Department of Electrical and Computer Engineering, The University of Texas at Austin.
Department of Speech, Language, and Hearing Sciences, The University of Texas at Austin.
J Speech Lang Hear Res. 2023 Aug 17;66(8S):3206-3221. doi: 10.1044/2023_JSLHR-22-00319. Epub 2023 May 5.
Current electromagnetic tongue tracking devices are not amenable for daily use and thus not suitable for silent speech interface and other applications. We have recently developed MagTrack, a novel wearable electromagnetic articulograph tongue tracking device. This study aimed to validate MagTrack for potential silent speech interface applications.
We conducted two experiments: (a) classification of eight isolated vowels in consonant-vowel-consonant form and (b) continuous silent speech recognition. In these experiments, we used data from healthy adult speakers collected with MagTrack. The performance of vowel classification was measured by accuracies. The continuous silent speech recognition was measured by phoneme error rates. The performance was then compared with results using data collected with commercial electromagnetic articulograph in a prior study.

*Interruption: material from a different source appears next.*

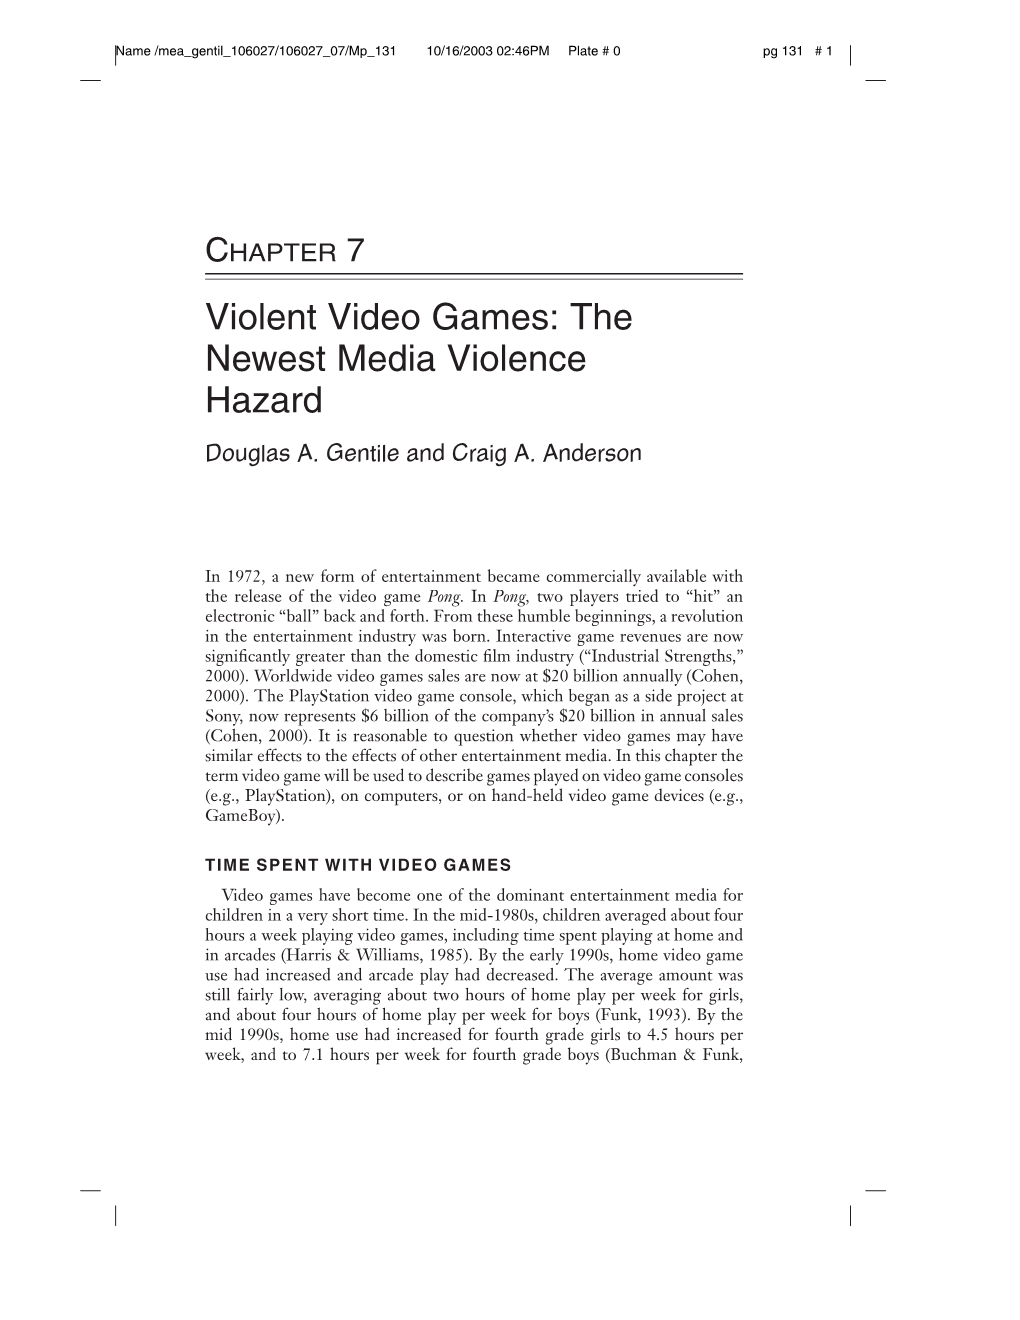 Violent Video Games: the Newest Media Violence Hazard
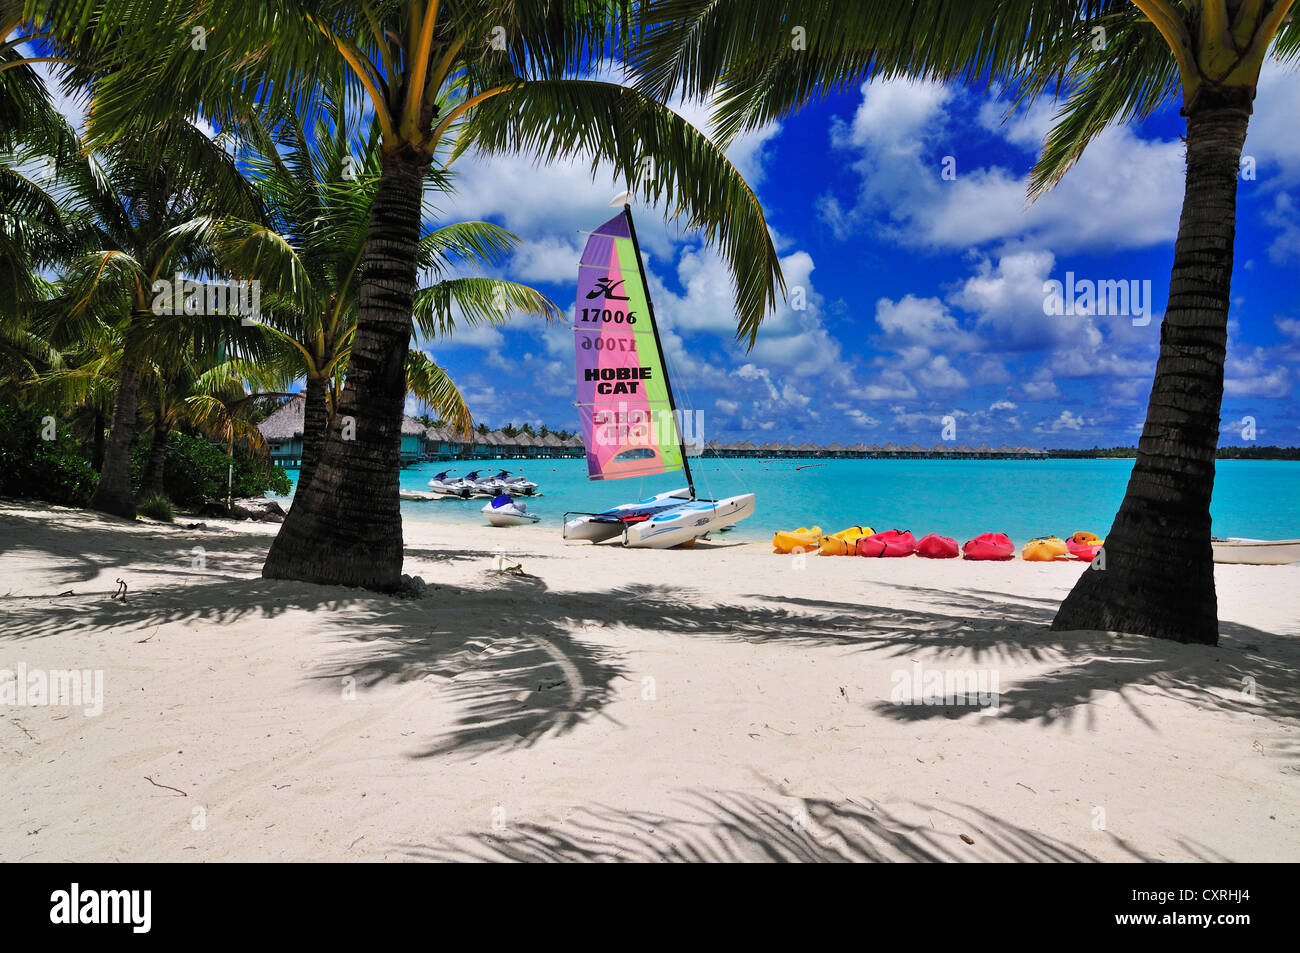 St Regis Resort Bora Bora, Bora Bora, Iles sous le Vent, îles de la société, Polynésie française, l'Océan Pacifique Banque D'Images

The isolated vowel classification using MagTrack achieved an average accuracy of 89.74% when leveraging all MagTrack signals (, , coordinates; orientation; and magnetic signals), which outperformed the accuracy using commercial electromagnetic articulograph data (only , coordinates) in our previous study. The continuous speech recognition from two subjects using MagTrack achieved phoneme error rates of 73.92% and 66.73%, respectively. The commercial electromagnetic articulograph achieved 64.53% from the same subject (66.73% using MagTrack data).
MagTrack showed comparable results with the commercial electromagnetic articulograph when using the same localized information. Adding raw magnetic signals would improve the performance of MagTrack. Our preliminary testing demonstrated the potential for silent speech interface as a lightweight wearable device. This work also lays the foundation to support MagTrack's potential for other applications including visual feedback-based speech therapy and second language learning.
当前的电磁舌跟踪设备不适于日常使用,因此不适合用于无声语音接口和其他应用。我们最近开发了 MagTrack,这是一种新型可穿戴电磁发音器舌跟踪设备。本研究旨在验证 MagTrack 用于潜在无声语音接口应用的能力。
我们进行了两项实验:(a)以辅音-元音-辅音形式分类八个孤立元音,(b)连续无声语音识别。在这些实验中,我们使用 MagTrack 采集的健康成年说话者的数据。元音分类的性能通过准确率进行衡量。连续无声语音识别的性能通过音素错误率进行衡量。然后将性能与之前使用商业电磁发音器数据进行的研究结果进行比较。
使用 MagTrack 时,通过利用所有 MagTrack 信号(,,坐标;方向;和磁信号),孤立元音分类的平均准确率为 89.74%,优于我们之前研究中使用商业电磁发音器数据(仅,坐标)的准确率。两名受试者使用 MagTrack 进行连续语音识别的音素错误率分别为 73.92%和 66.73%。同一名受试者使用商业电磁发音器的准确率为 64.53%(使用 MagTrack 数据为 66.73%)。
当使用相同的局部信息时,MagTrack 与商业电磁发音器的结果相当。添加原始磁信号将提高 MagTrack 的性能。我们的初步测试表明,作为一种轻便可穿戴设备,MagTrack 具有用于无声语音接口的潜力。这项工作还为 MagTrack 支持其他应用(包括基于视觉反馈的言语治疗和第二语言学习)奠定了基础。